The ability to invest in both the lower middle market and private placement components of our investment strategy provides us with capital deployment flexibility and diversifies our investment options to address various market conditions. Private placement investments continued to be an attractive and accretive component of our investment strategy and represented approximately 1/4 of the total cost basis for our investment portfolio as of year-end 2011.

Todd Reppert

Our overall portfolio performance remains strong, and the portfolio continues to improve its diversification by issuer, industry, end markets and geography. At year end, we had investments in 81 portfolio companies across both the lower middle market and private placement components of the portfolio.

The largest portfolio company investment represents around 3% of our total assets, and the majority of our portfolio investments represent less than 1% of our total assets. This increasing diversity adds structural protection to our portfolio, our income and our cash flow, which translates into structural protection for our shareholders.

Todd Reppert

During 2011, most of our portfolio companies experienced sequential quarterly and annual growth in metrics such as revenues, earnings and backlog, with the level of such growth being highly dependent upon specific factors for each company. To some degree, those operating trends are reflected in the improving portfolio company credit statistics that Vince referenced in his comments.

Based on the current economic outlook from our portfolio of companies, we expect the improved underlying trends to continue during 2012.

Todd Reppert

As Vince touched on, the equity investment strategy within our lower middle market portfolio is a major differentiating advantage for Main Street. It has been paying off in the form of significant year-over-year increases and dividend income from portfolio equity investments and over $35 million of net unrealized portfolio appreciation during 2011.

We expect a healthy merger and acquisition market during 2012, which will likely convert some of the embedded unrealized appreciation within our portfolio in the realized investment gains. During the fourth quarter of 2011 and now into 2012, we have announced several portfolio investment exits that were completed at a premium to our previous fair value determinations and which collectively generated meaningful net realized gains.

Todd Reppert

Due to net investment income in excess of dividends paid, net appreciation within the portfolio and 2 accretive equity offerings, Main Street's net asset value per share increased significantly or approximately 16% during 2011. On the capitalization front, Main Street's liquidity and overall capitalization remain strong, and we're well positioned to take advantage of new investment opportunities.
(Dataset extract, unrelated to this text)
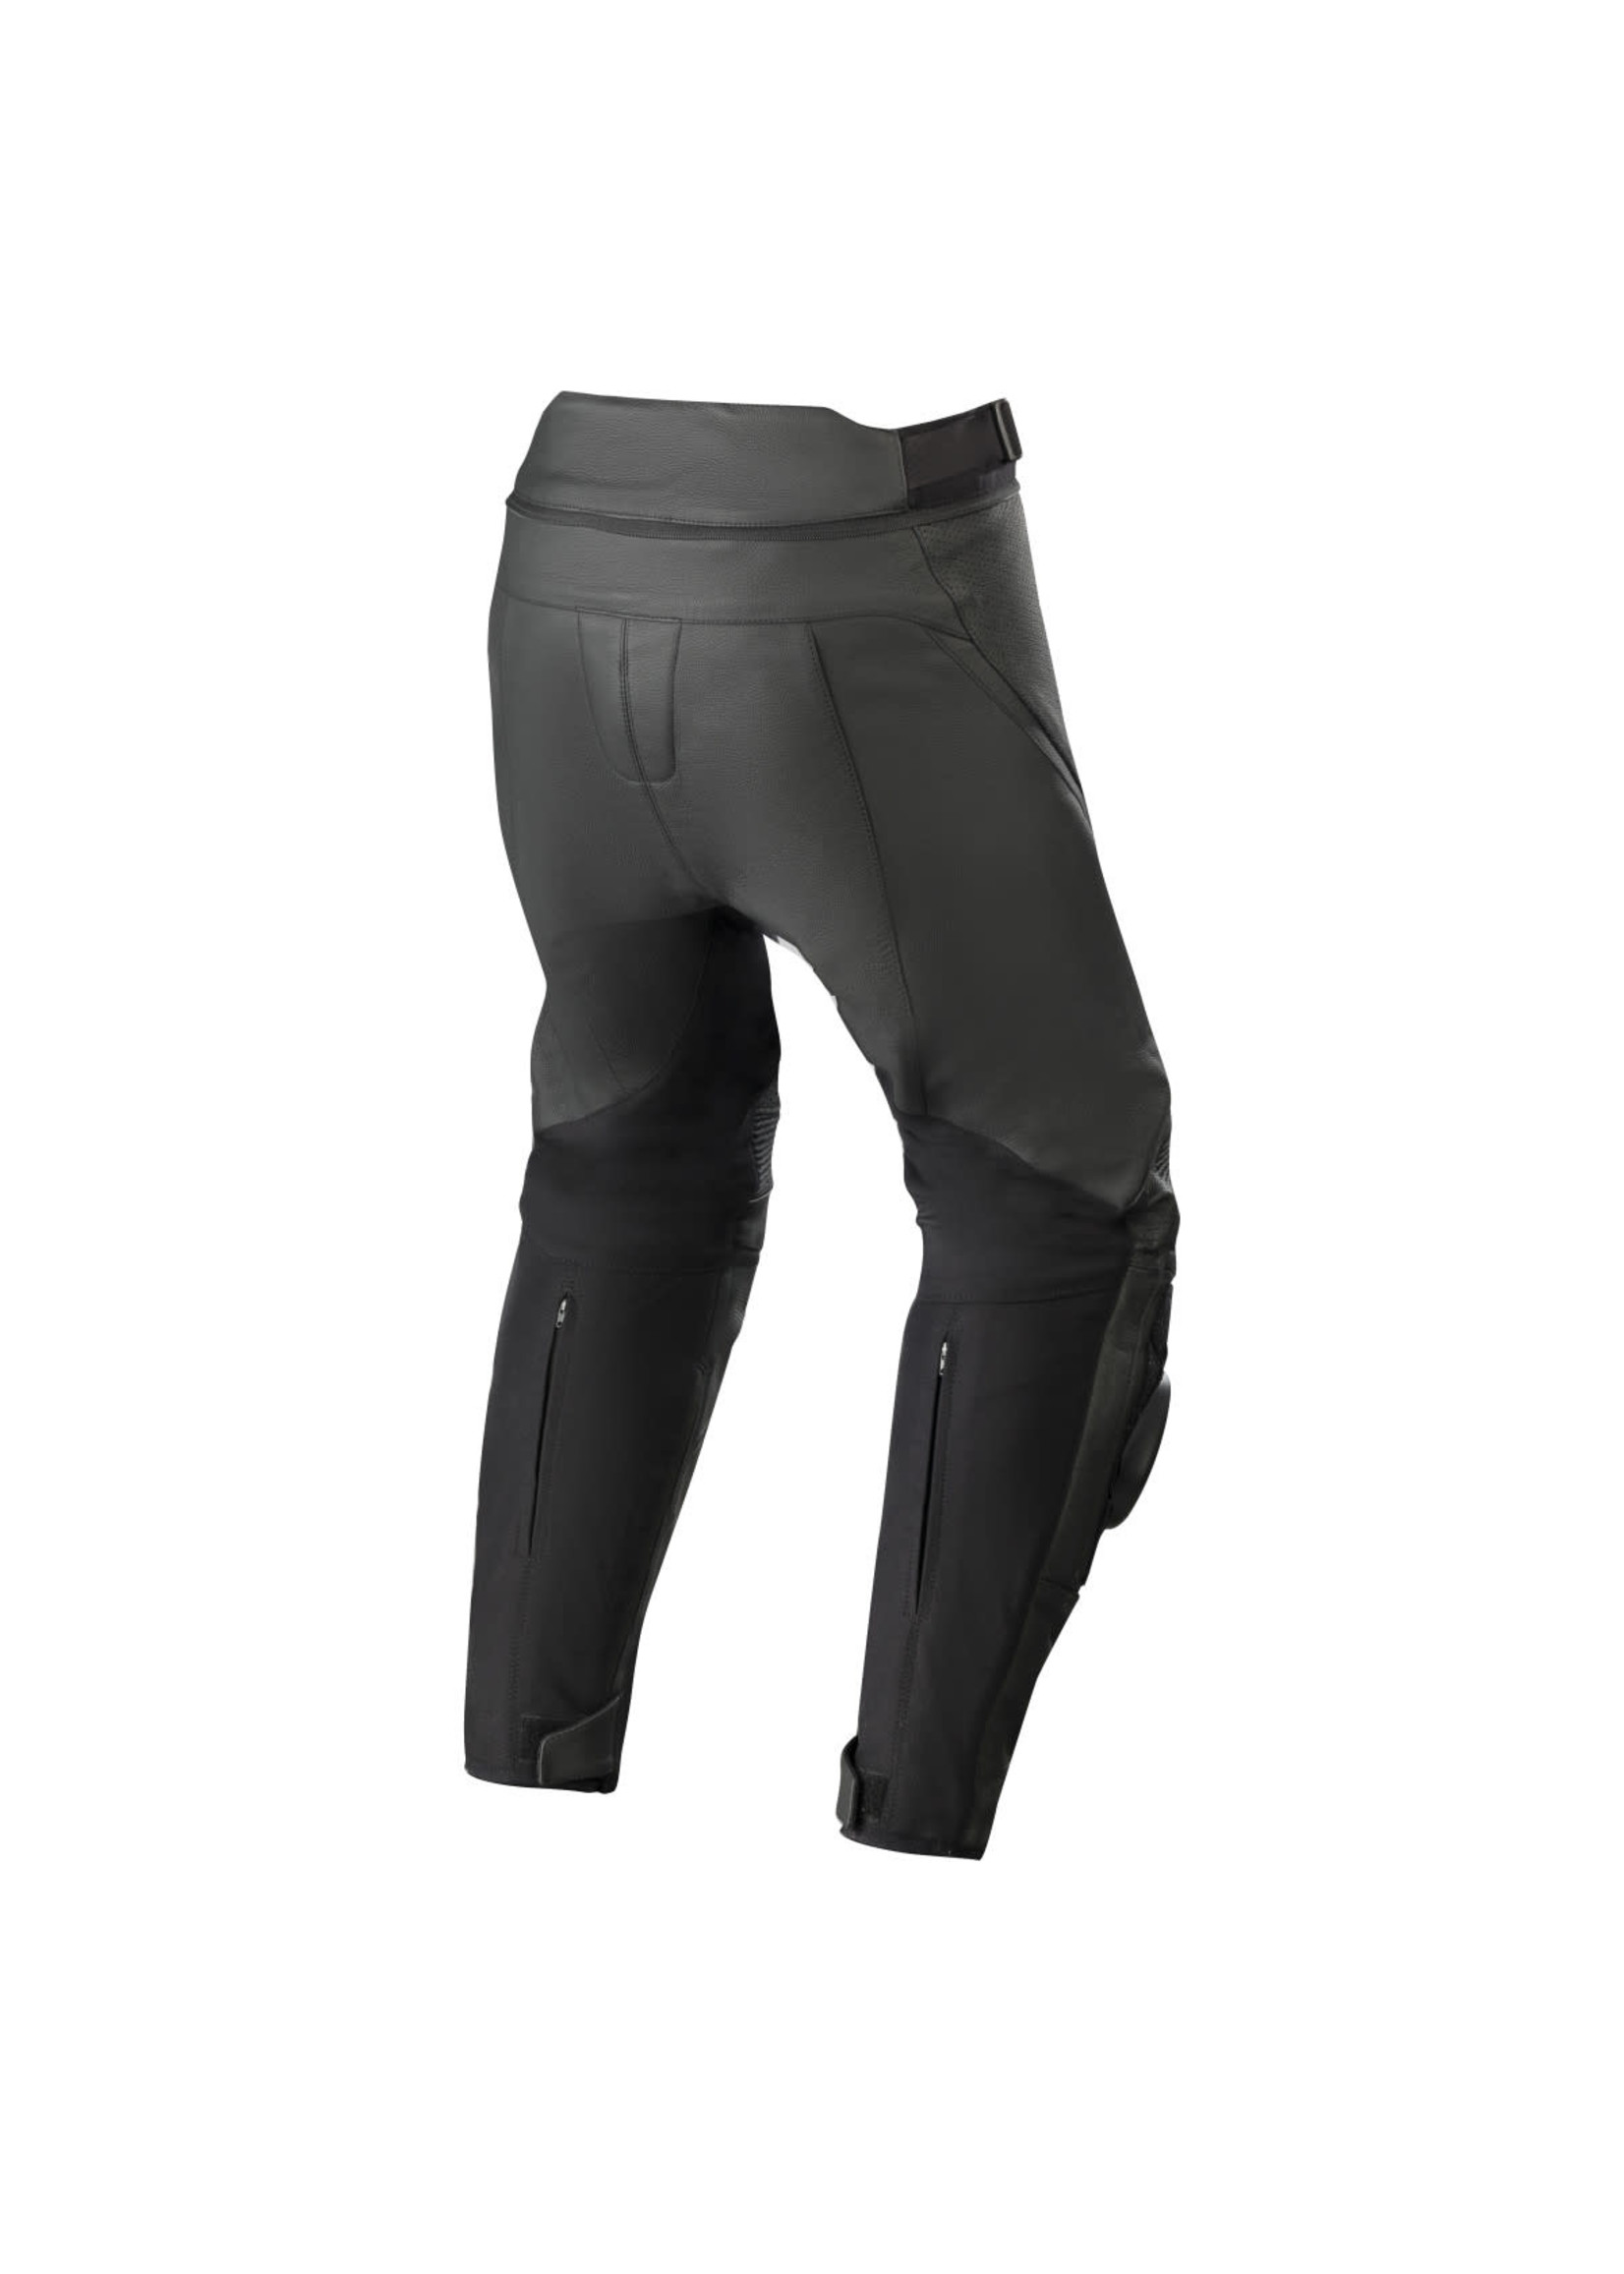 Alpinestars Women's Missile v2 Airflow Leather Riding Pants
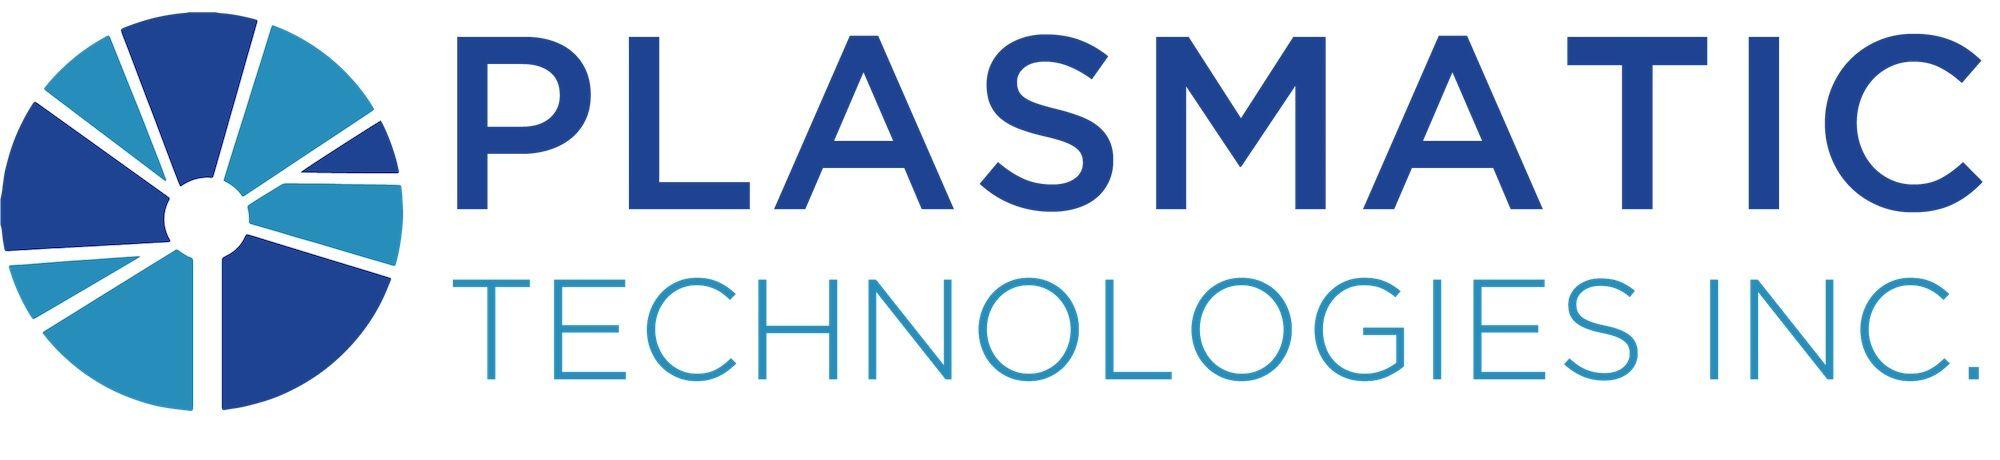 Plasmatic Technologies Logo

As of today, we have approximately $54 million of cash, which is primarily held at our SBIC subsidiaries, and also maintain over $110 million of marketable securities investments.

Todd Reppert

Our marketable securities investments are made up of relatively liquid interest-bearing debt investments, currently earning a weighted average yield of approximately 7.7%. On a net basis, we have liquidated a portion of the marketable securities portfolio since year-end and have realized net gains on these exits based on favorable market conditions.

We are also in discussions to further expand and improve our existing $235 million 3-year credit facility and are always exploring diverse financing alternatives that can benefit the company without creating undue risk.

Todd Reppert

As of today, we have just over $100 million borrowed under our credit facility, which is bearing annual interest at approximately 2.8%. While we expect utilized various financing sources to support our future operational and investment activities, we remain very focused on maintaining liquidity efficiency, lender diversity and duration flexibility within our various borrowing arrangements.

We also continue to monitor the relative matching of fixed and floating rate debt investments, with a relative amount of fixed and floating rate borrowing arrangements in order to create natural match funding on our balance sheet. We currently have $225 million of outstanding SBIC debentures, with a weighted average fixed interest cost of around 5% and a remaining weighted average maturity of just under 7 years.

In addition to the focus on liquidity and capital flexibility, we remain focused on maintaining a very low operating cost structure, which we view as a significant structural advantage.

Todd Reppert

During 2011, Main Street's total cash, operating and administrative expenses remained below 2% of our average assets. This ratio improved during 2011 from the prior year and should continue to improve in 2012 and beyond.

This part of the operating leverage and being structured as an internally-managed BDC and our cost structure is clearly favorable compared to most other comparable public and private investment products. This cost structure and operating leverage allows us to deliver a greater proportion of the gross portfolio returns to our shareholders.

Todd Reppert

As previously noted, 2011 was a milestone year for Main Street in many respects. On top of various qualitative accomplishments, we are able to meaningfully grow the per share amounts related to our income, our dividends and our net asset value.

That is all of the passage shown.